FSP‑Diff introduces a novel dual‑domain latent diffusion framework designed specifically for ultra‑low‑dose spectral computed tomography (CT) reconstruction. The authors first identify the core challenge: photon‑counting detectors split the X‑ray spectrum into narrow energy bins, dramatically reducing photon counts per bin and thus the signal‑to‑noise ratio (SNR) of the energy‑specific projections. Under clinically acceptable dose constraints, this leads to severe noise, artifacts, and loss of fine structural detail in the reconstructed images. Traditional analytical methods such as filtered back‑projection (FBP) and iterative algorithms with total variation or dictionary priors struggle in this regime, while recent deep‑learning approaches (U‑Net, RED‑CNN, attention‑based networks, GANs, etc.) either require massive paired datasets, lack explicit physical modeling, or incur prohibitive computational costs when extended to high‑dimensional spectral data.

To address these gaps, FSP‑Diff integrates three complementary strategies.

1. Complementary Feature Construction – The pipeline simultaneously processes (a) direct image‑domain reconstructions, which preserve subtle texture but are vulnerable to noise, and (b) projection‑domain denoised results, which provide a stable structural scaffold derived from the physics of the acquisition. By fusing these two sources, the method balances high‑frequency detail retention with global structural consistency.
2. Full‑Spectrum Prior Integration – Multi‑energy projections are summed (or otherwise fused) to generate a high‑SNR full‑spectrum image. This image serves as a universal structural reference that guides the reconstruction of each individual energy bin, effectively transferring the strong low‑frequency information of the full spectrum while allowing each bin to retain its unique high‑frequency spectral signatures.
3. Efficient Latent Diffusion Synthesis – Recognizing that diffusion models are computationally intensive in pixel space, the authors embed multi‑path features (image‑domain, projection‑domain, and full‑spectrum prior) into a compact latent space using an encoder‑decoder architecture. The diffusion process then operates on this low‑dimensional manifold, drastically reducing memory and runtime while still enabling iterative denoising and detail restoration.
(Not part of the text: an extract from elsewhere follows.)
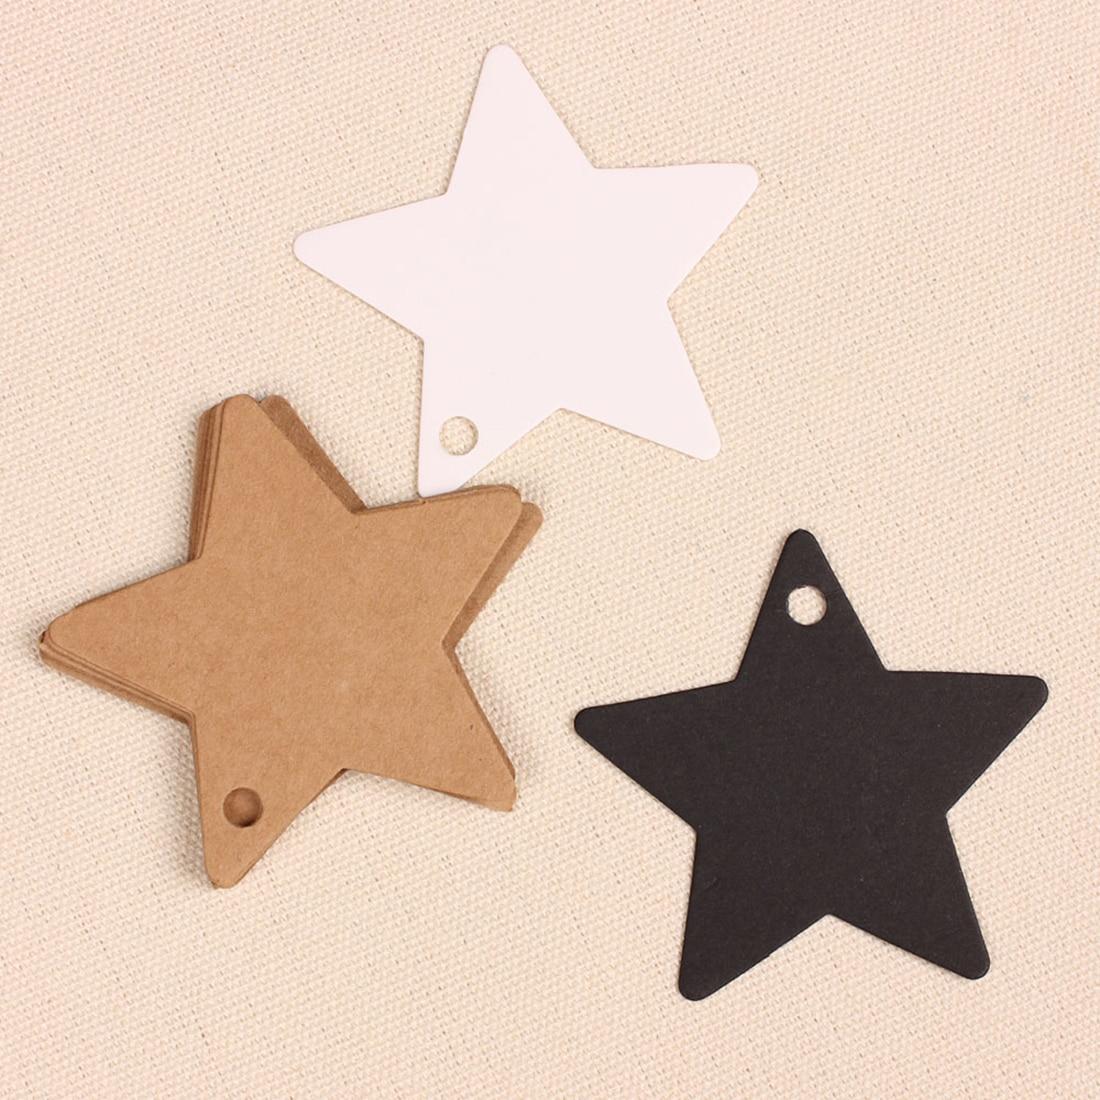 10Pcs/set Star Blank Kraft Paper Gift Tags Wedding Doorplate Scallop Favour Luggage

Two domain‑specific diffusion instances are trained: one for the image domain and one for the projection domain. During reverse diffusion, latent representations are exchanged, allowing cross‑domain information sharing and reinforcing inter‑spectral correlations.
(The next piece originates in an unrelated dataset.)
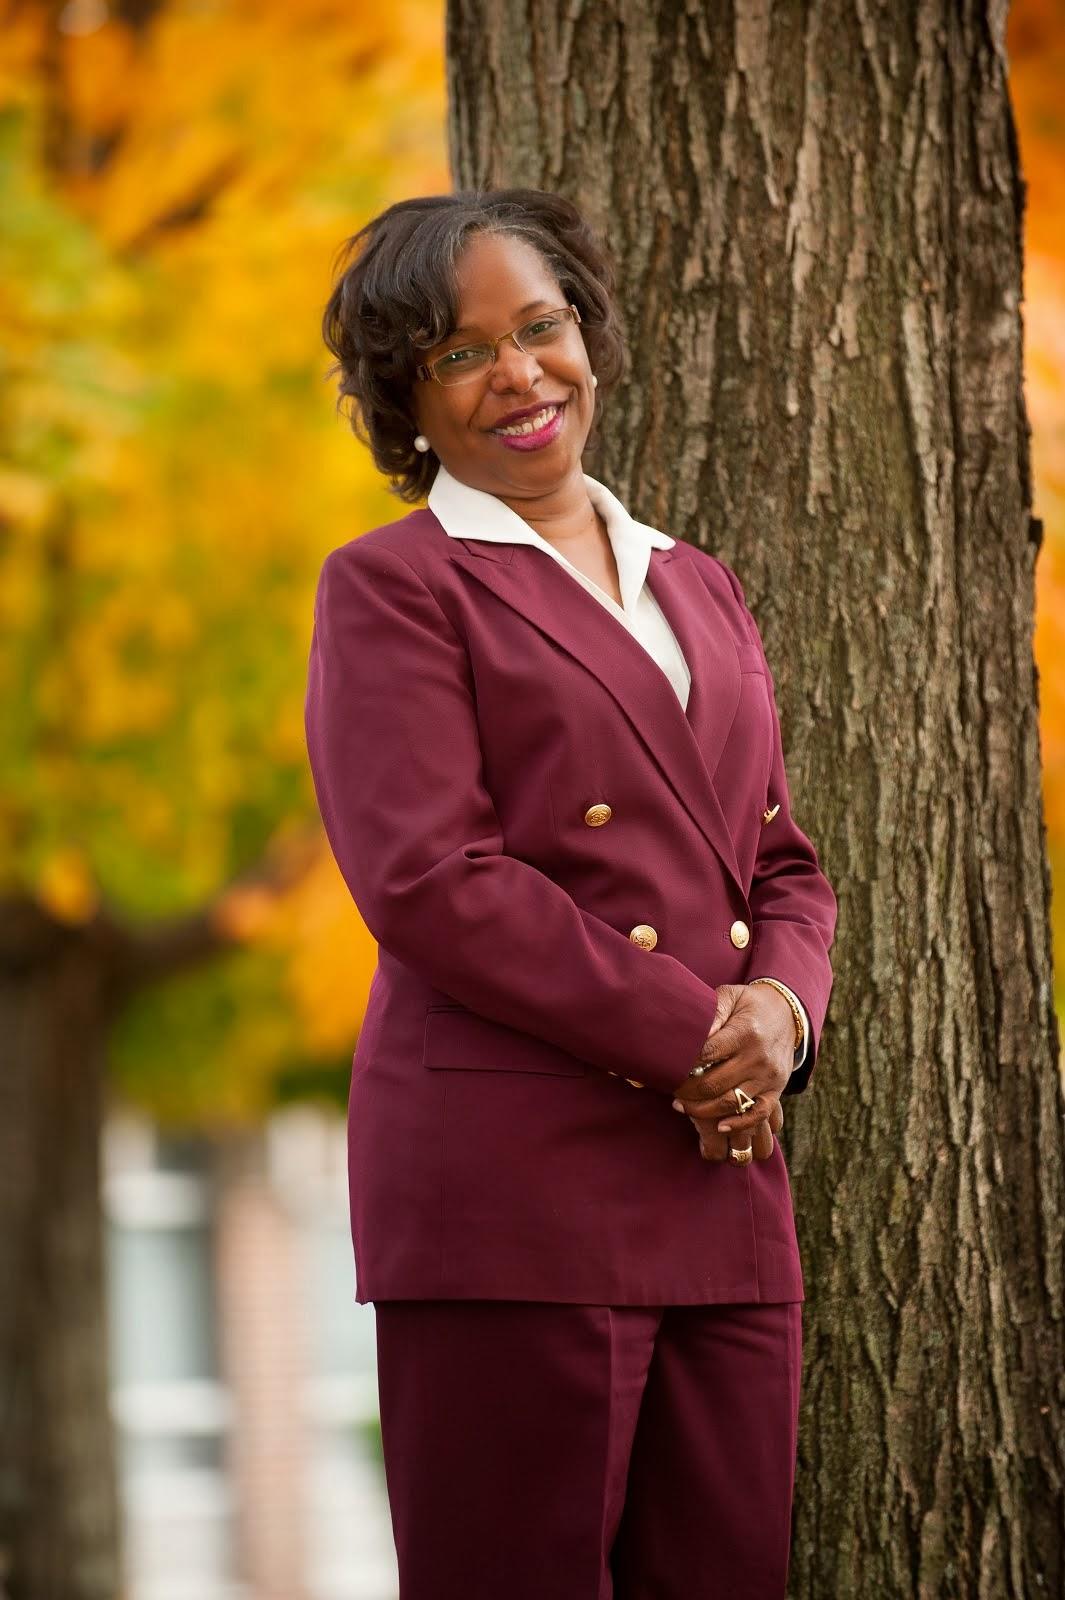 About Blog's Owner, Tonya Amankwatia, Ph.D.

The training pipeline consists of (i) pre‑training a latent feature projector (encoder) that compresses 512 × 512 images into a vector of length L (e.g., 512), and a dynamic Transformer‑based decoder (IRTD) that reconstructs high‑quality images from these latents; and (ii) training a latent diffusion model (LDM) to learn the distribution of the encoded representations. The encoder employs stacked residual blocks and linear layers, while the decoder incorporates Modulated Channel‑Transposed Attention (MCTA) and Modulated Gated Feed‑Forward Networks (MGFN) whose parameters are modulated by the latent code, preserving fine details. Input ground‑truth and low‑quality images are weighted and concatenated before a PixelUnshuffle operation to form the Compact IR Prior Encoder (CIPE) input, ensuring balanced value ranges for robust feature extraction.
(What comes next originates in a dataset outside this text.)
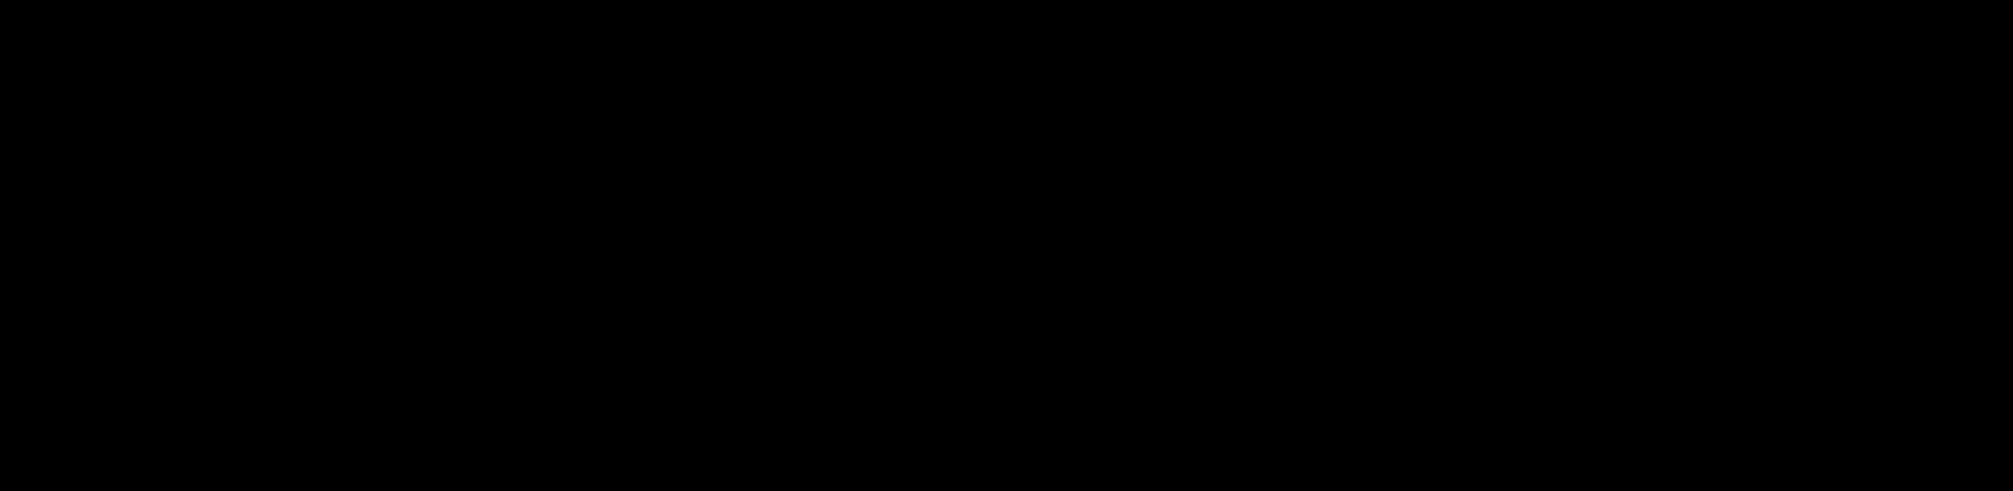 logo_hejhej-mats
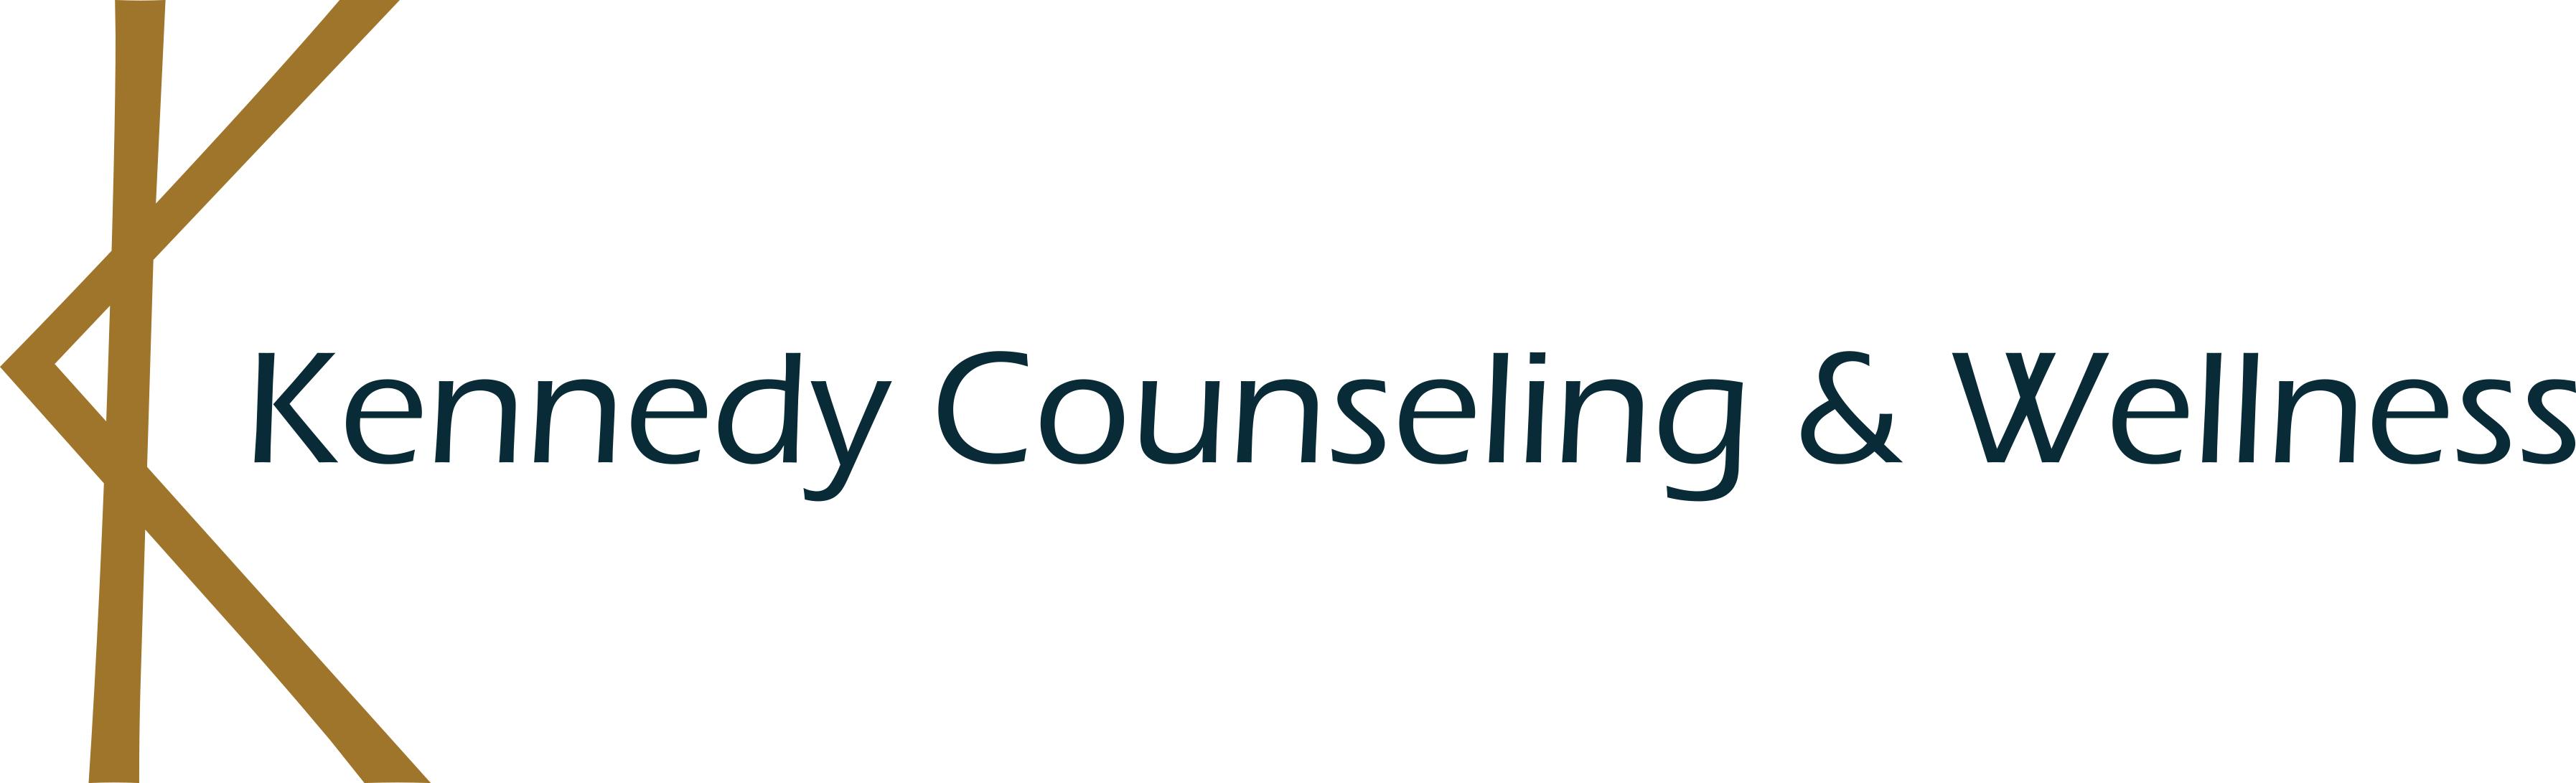 Kennedy Counseling & Wellness

Experimental evaluation uses both simulated phantoms and real clinical datasets at dose levels as low as 10 % of standard. Quantitative metrics (PSNR, SSIM, RMSE) show improvements of 3–5 dB in PSNR and 0.05–0.07 in SSIM over state‑of‑the‑art methods such as DDPM, RED‑CNN, and PRISM. Runtime analysis indicates a 30 % reduction in reconstruction time thanks to the latent‑space diffusion. Qualitative results demonstrate superior artifact suppression (e.g., metal streaks) and clearer delineation of low‑contrast structures, which is crucial for material discrimination and tissue characterization.

In conclusion, FSP‑Diff successfully merges a physics‑driven full‑spectrum prior with dual‑domain deep features within an efficient latent diffusion framework, delivering high‑quality, computationally tractable reconstructions for ultra‑low‑dose spectral CT. The authors suggest future work on large‑scale clinical validation, unsupervised prior learning, and hardware acceleration to enable real‑time deployment.